Erdoğan then played with the Turkish clubs Efes Pilsen and Türk Telekom. After that he moved to the Spanish club Meridiano Alicante. On January 24, 2011, he signed a contract with the Turkish club Beşiktaş. He signed a two-year contract with the Turkish club Banvit, in the summer of 2011. He signed a contract with the Turkish club Royal Halı Gaziantep, in the summer of 2013. With Gaziantep, he played his last game in professional club basketball in December 2013.
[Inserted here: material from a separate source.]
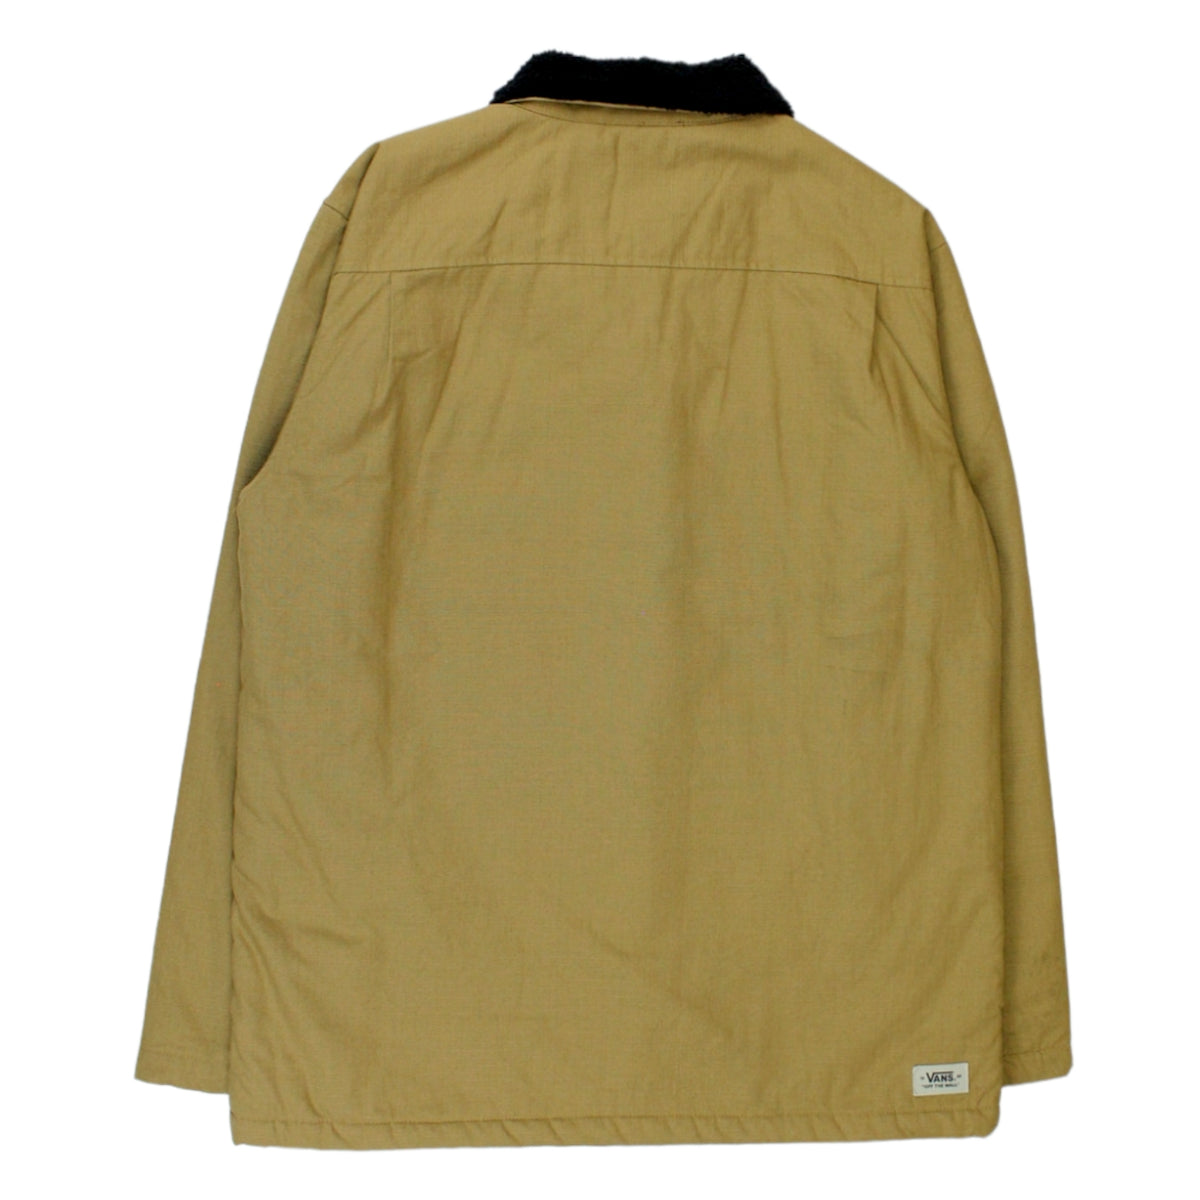 Vans Brown Fleece Lined Jacket

===FIBA SuproLeague ban===
Erdoğan tested positive for the banned substance Nandrolone, and he was thus immediately suspended from the FIBA SuproLeague's 2000–01 season competition. Erdoğan tested positive in his "A" urine sample, which revealed a level of Nandrolone (anabolic androgenic steroids) that was above the limit specified under FIBA's doping controls. The positive test result, which was tested by the body that is responsible for FIBA's drug testing, came after Ulker's home game against Panathinaikos Athens, on 7 December 2000.

==National team career==
Erdoğan was also a member of the senior Turkish national team.